As I previously said, I've worked at Headway for over 14 years. I've done thousands of assessments and at every single one of those assessments, without fail, the word frustration has been used. We think that someone can't communicate, they can't remember, they're going to get frustrated. That frustration leads to anger and sometimes that's violence. There are special units with people who are extremely violent and need extra special help. Specialists help to calm them down and help them to cope with that.
We do see challenging behaviour with people who are experiencing a mild and moderate brain injury. It could be that they are still violent, that they are still angry and thrashing out. Normally, it's people they love most that they take it out on. We also see people who are verbally aggressive maybe in the tone that they are using. But quite often, people swear a lot after brain injury. Even people who have never sworn before will swear after brain injury and it could be that the only words they can say are swear words. It's because that's a different part of the brain. And we have to remember when we're dealing with somebody with a brain injury, that if they're swearing at us, they may not know what they're doing and they may not be using it in that context. Okay, we might have to correct them so eventually, they learn that to swear and to shout and to be violent is not right but we have to understand that it's the brain malfunctioning, and not the person being angry or horrible. They have a brain injury, and it's just as much a problem and needs to be treated in a similar way with understanding as a mobility or communication problem.

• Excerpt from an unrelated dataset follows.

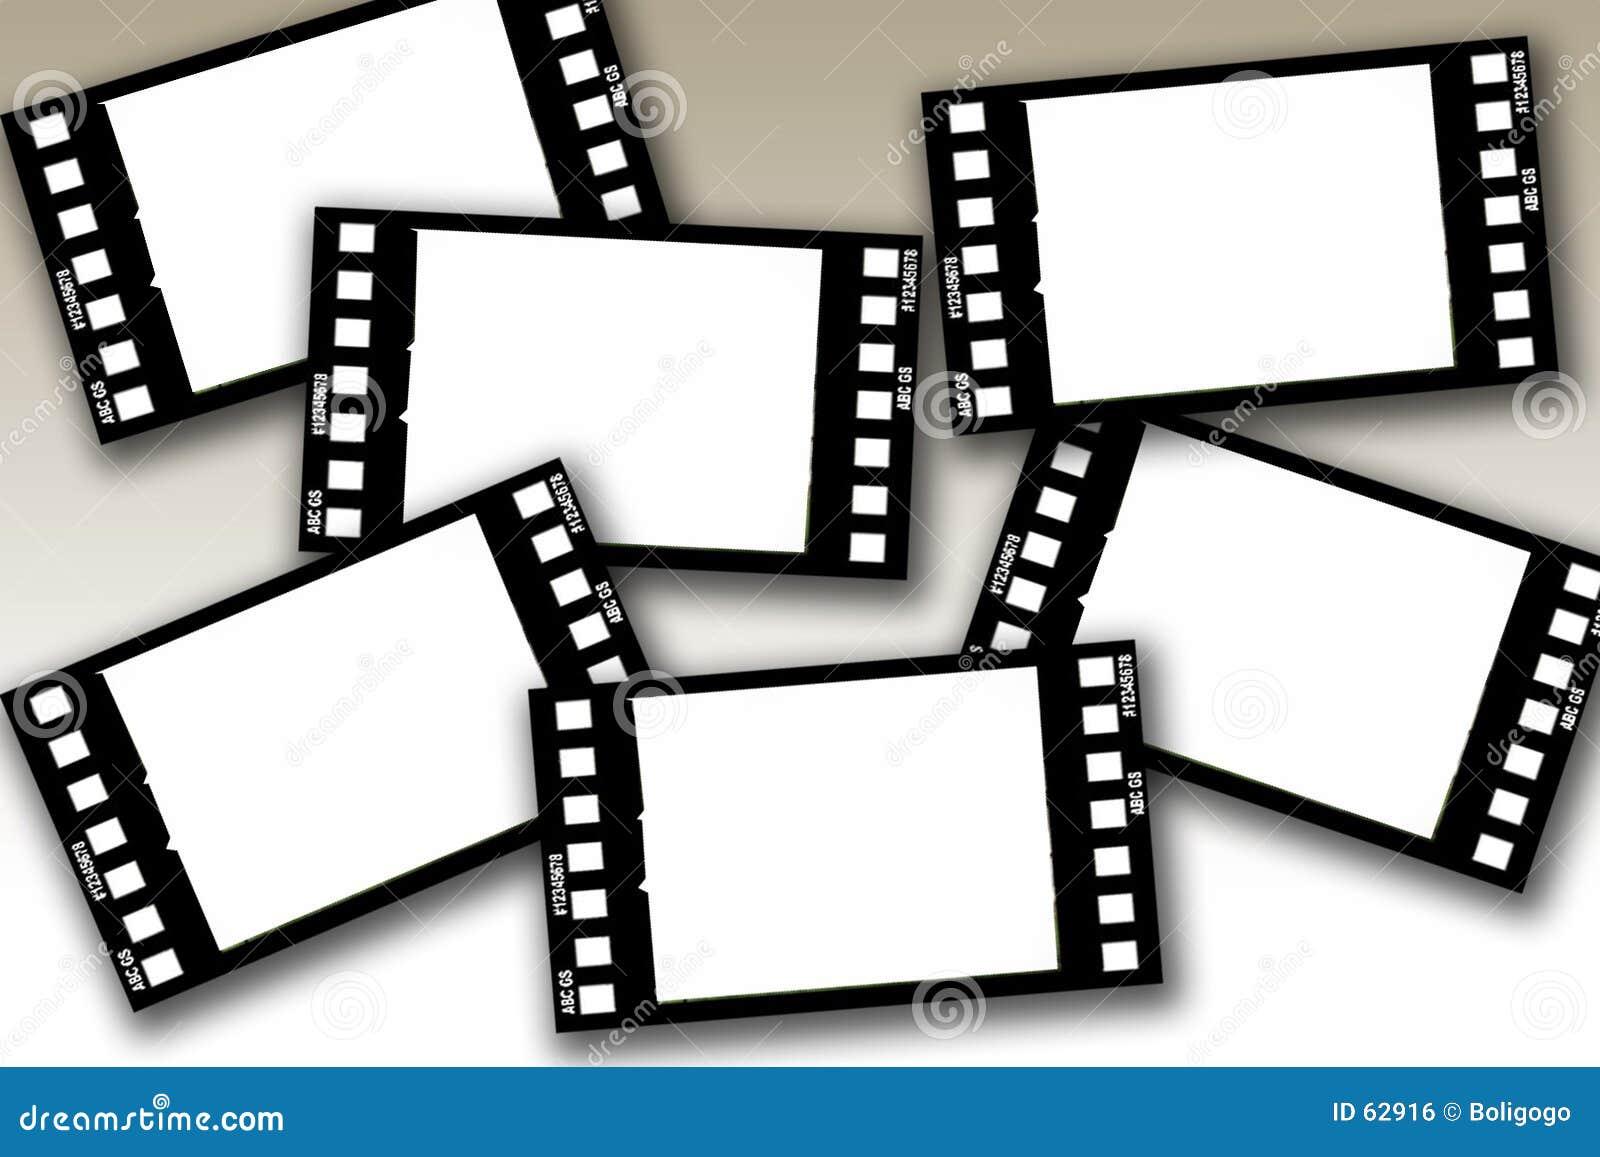 Download Marcos de película stock de ilustración. Ilustración de arte - 62916

How do you help or deal with somebody with challenging behaviour? First of all, are they tired? If they are tired, give them time out. They will need to sleep more than pre-injury. Is there too much stimulus around? Is the brain trying to concentrate on too much and therefore it just comes out as anger. It's like if you are asking your computer to do too many things at once it will just crash. Our brain's just a computer it will do the same thing it will just crash or turn out to be very very angry. Do we know the triggers? Do we know what makes somebody angry? For instance, I know somebody who will get very angry if has sweet corn on his plate. That's simple, don't give him sweet corn.
Other people get cross if are called by the wrong name, therefore make sure you know who you are talking to and you're using the correct name. As you get to know somebody with brain injury, you can change your own behaviour to help them. You can remove things that are going to make him angry, so they actually don't experience that.